Active tags that carry their own power supply can be used to track larger items, such as freight containers. Such tags may have a large battery, a long-range wireless interface (e.g. a GSM radio or satellite communicator) and a position locator such as GPS or GSM triangulation unit. However, once the battery is exhausted then the tag ceases to function and the item will no longer be locatable. Furthermore, such tracking devices are only suitable for larger items due to their size and bulk.
US 2010/0079238 describes an RF-based tag that includes non-volatile memory and a piezo electric sensor. The piezo electric sensor produces an electrical charge that momentarily supplies electrical power to the tag when subjected to a mechanical force. This electrical power is sufficient to record data in the non-volatile memory. Therefore, such a tag can record events that occur during a journey and the non-volatile memory can be read at the end of such a journey to provide additional information. However, such a tag cannot be used to locate items at longer distances.

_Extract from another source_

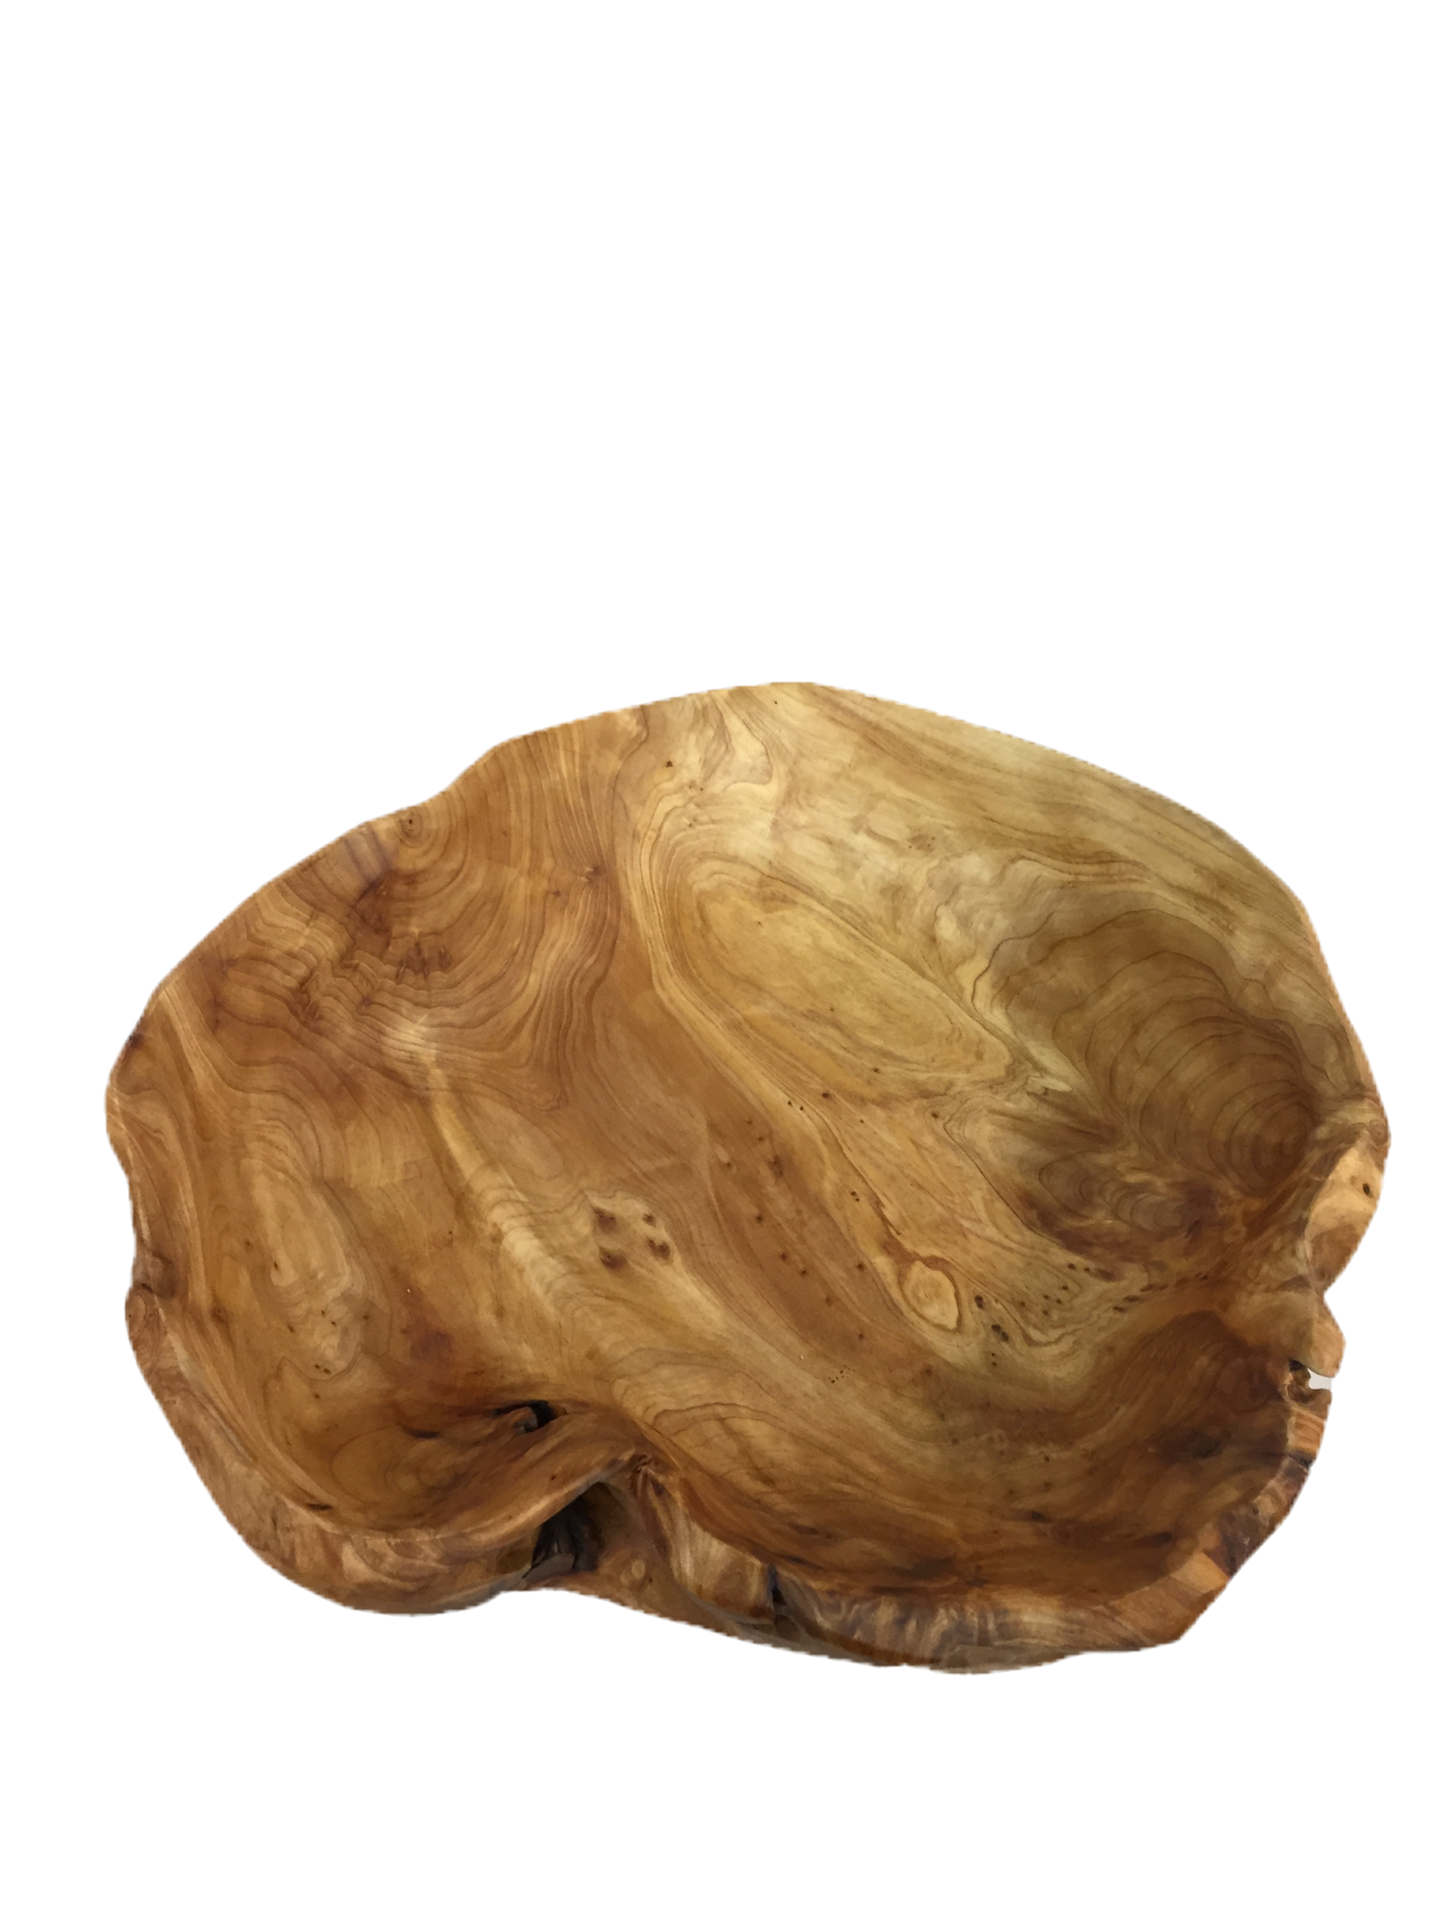 Hand-Crafted Root Wood Live Edge Bowl - Medium Small (10-11" / 3-4")

It is often important to be able to locate individual parts of a vehicle, such as an aircraft. For example, should an aircraft be leased then certain parts may be swapped or replaced during the leasing period. When the aircraft is returned to its owner, then all of the parts must be accounted for. This can be important for regulatory and safety purposes or to audit the number of hours that particular parts have been used so that they can be replaced or serviced appropriately. Furthermore, it can be found that parts are swapped between individual aircraft within a fleet. When those aircraft are returned to their owner or passed on to a new carrier, then again, the original parts must be returned to the original aircraft. In order to track such movements and changes, then significant effort and paperwork may be required to locate missing or moved parts.
Similarly, valuable items such as jewellery and important documents may be transported and moved in use. It is usually not feasible to provide such small items with active global tracking systems due to the added bulk. However, small but valuable items can be lost or misplaced more easily and so it is useful to know their whereabouts at any given time, which is not currently feasible.
Therefore, there is required a method and system that overcomes these problems.